Several recent studies have found that parts of the immune system remain strongly protective against severe illness and death in most people, even without booster shots, even after Omicron’s appearance. “I do not think these data support a universal booster rollout for everyone,” said Dr. Celine Gounder, an infectious disease expert and epidemiologist at Kaiser Health News. Instead, boosters seem most essential for older adults, she said, and those who have certain immune conditions or live in long-term care facilities. In younger Americans, it may have made sense to make boosters available to those with certain medical risks instead of everyone, she said.
“The effect of the booster can be seen in the data sets, but it’s far smaller than the effect of vaccination compared to not,” said John Moore, a virologist at Weill Cornell Medicine in New York. “The real problem is the carnage among the unvaccinated.”
470. A congressional commission is proposed to examine the pandemic.
Q: Will we ever be able to examine our responses to Covid to prevent its recurrence?
A: When compared to other major catastrophes in the United States, the coronavirus-19 pandemic is high in its impact on the citizens, the economy, and the politics of the nation. Even in our divided politics, a broad and bipartisan group of senators is coalescing around legislation to create a high-level independent commission, modeled after the one that examined the Sept. 11 attacks, with broad powers to investigate the origins of the coronavirus pandemic and the responses across the Trump and Biden administrations.

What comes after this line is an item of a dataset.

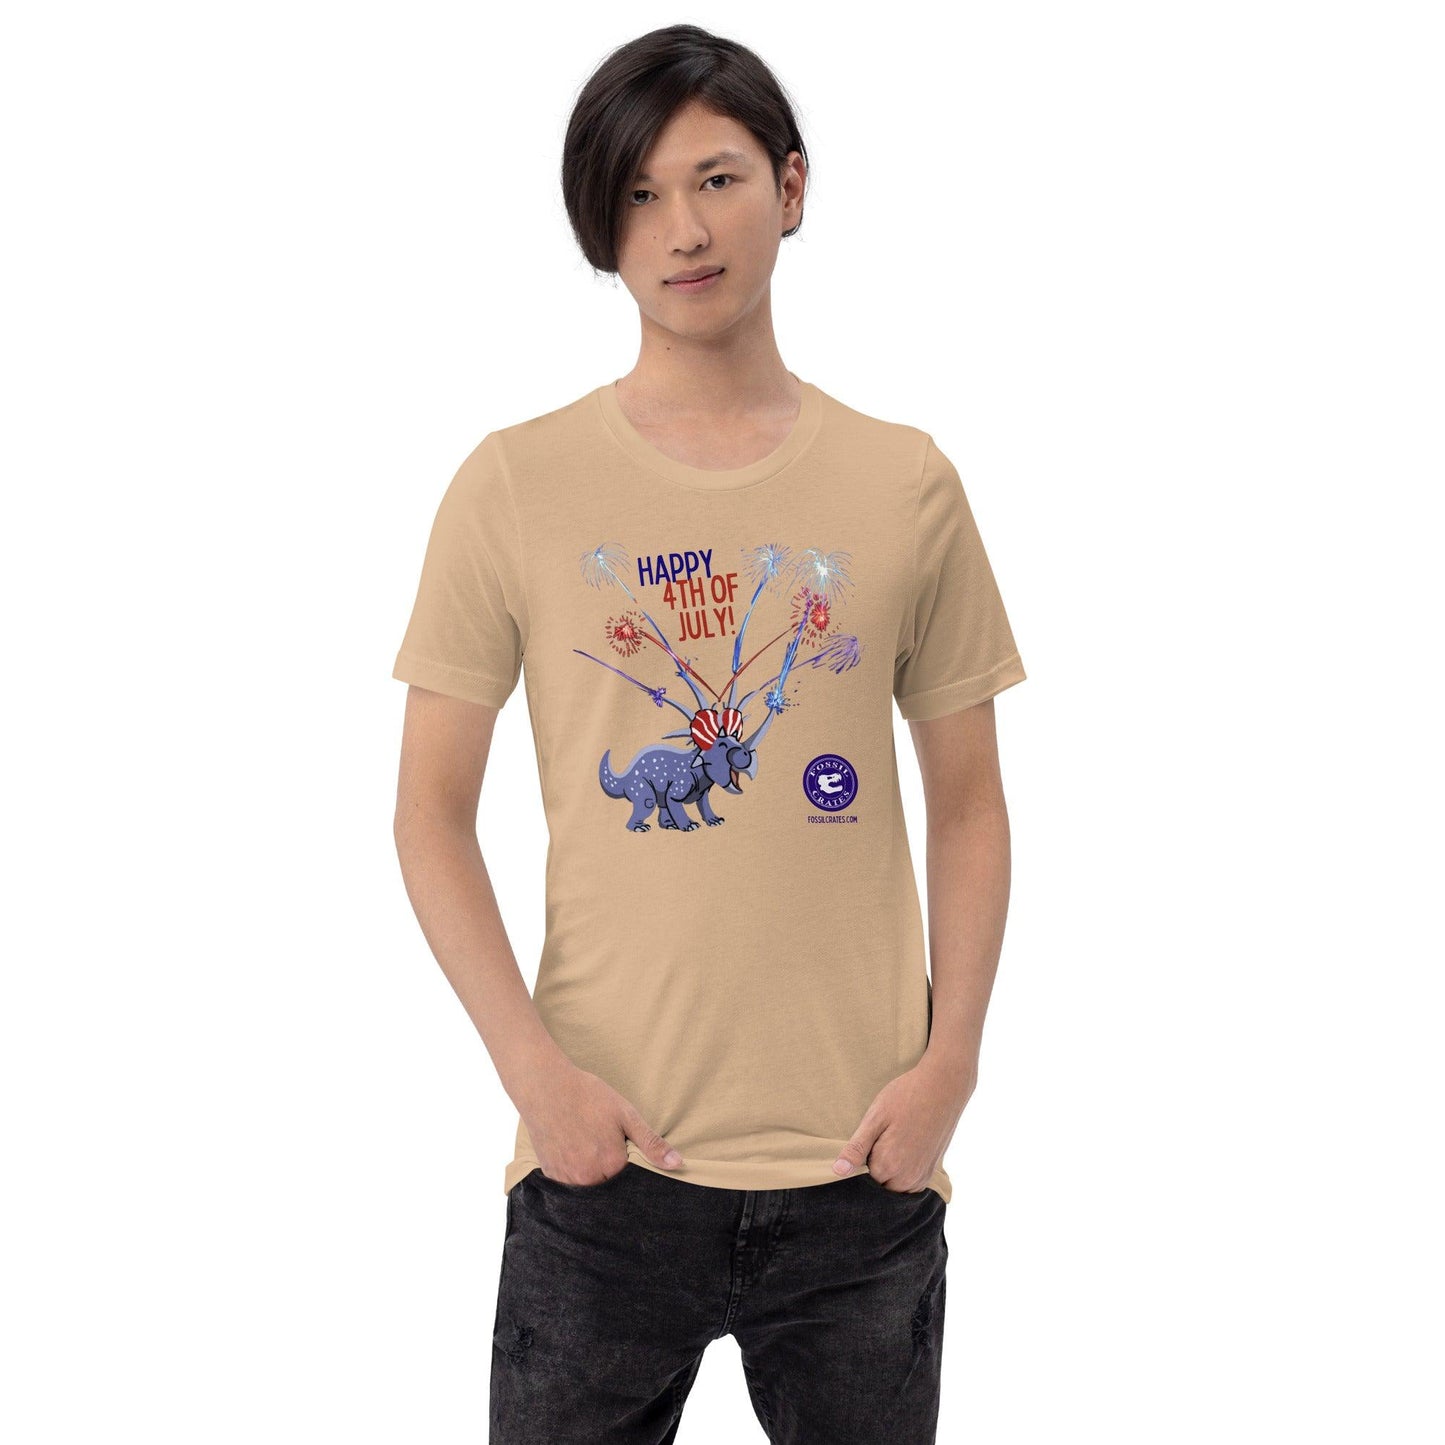 Happy 4th of July T-shirt - Fossil Crates Dinosaur T-Shirt

A plan proposed by the top Democrat and Republican on the Senate Health Committee — Senators Patty Murray of Washington and Richard M. Burr of North Carolina — a 12-member panel would be created. It would have subpoena power to “get a full accounting of what went wrong during this pandemic,” Ms. Murray said in an interview. It would make recommendations for the future. In interviews last week, more than a dozen senators from both parties embraced the idea, and none raised any substantive objections. Covid-19 victims and their families, many of whom support the idea of a commission are eager for the kind of airing of grievances that the Sept. 11 panel provided the victims of the terrorist attacks two decades ago. Most officials speaking publicly predict that even if approved and signed into law, bickering and partisanship would likely interfere, but such an effort may well provide beneficial information.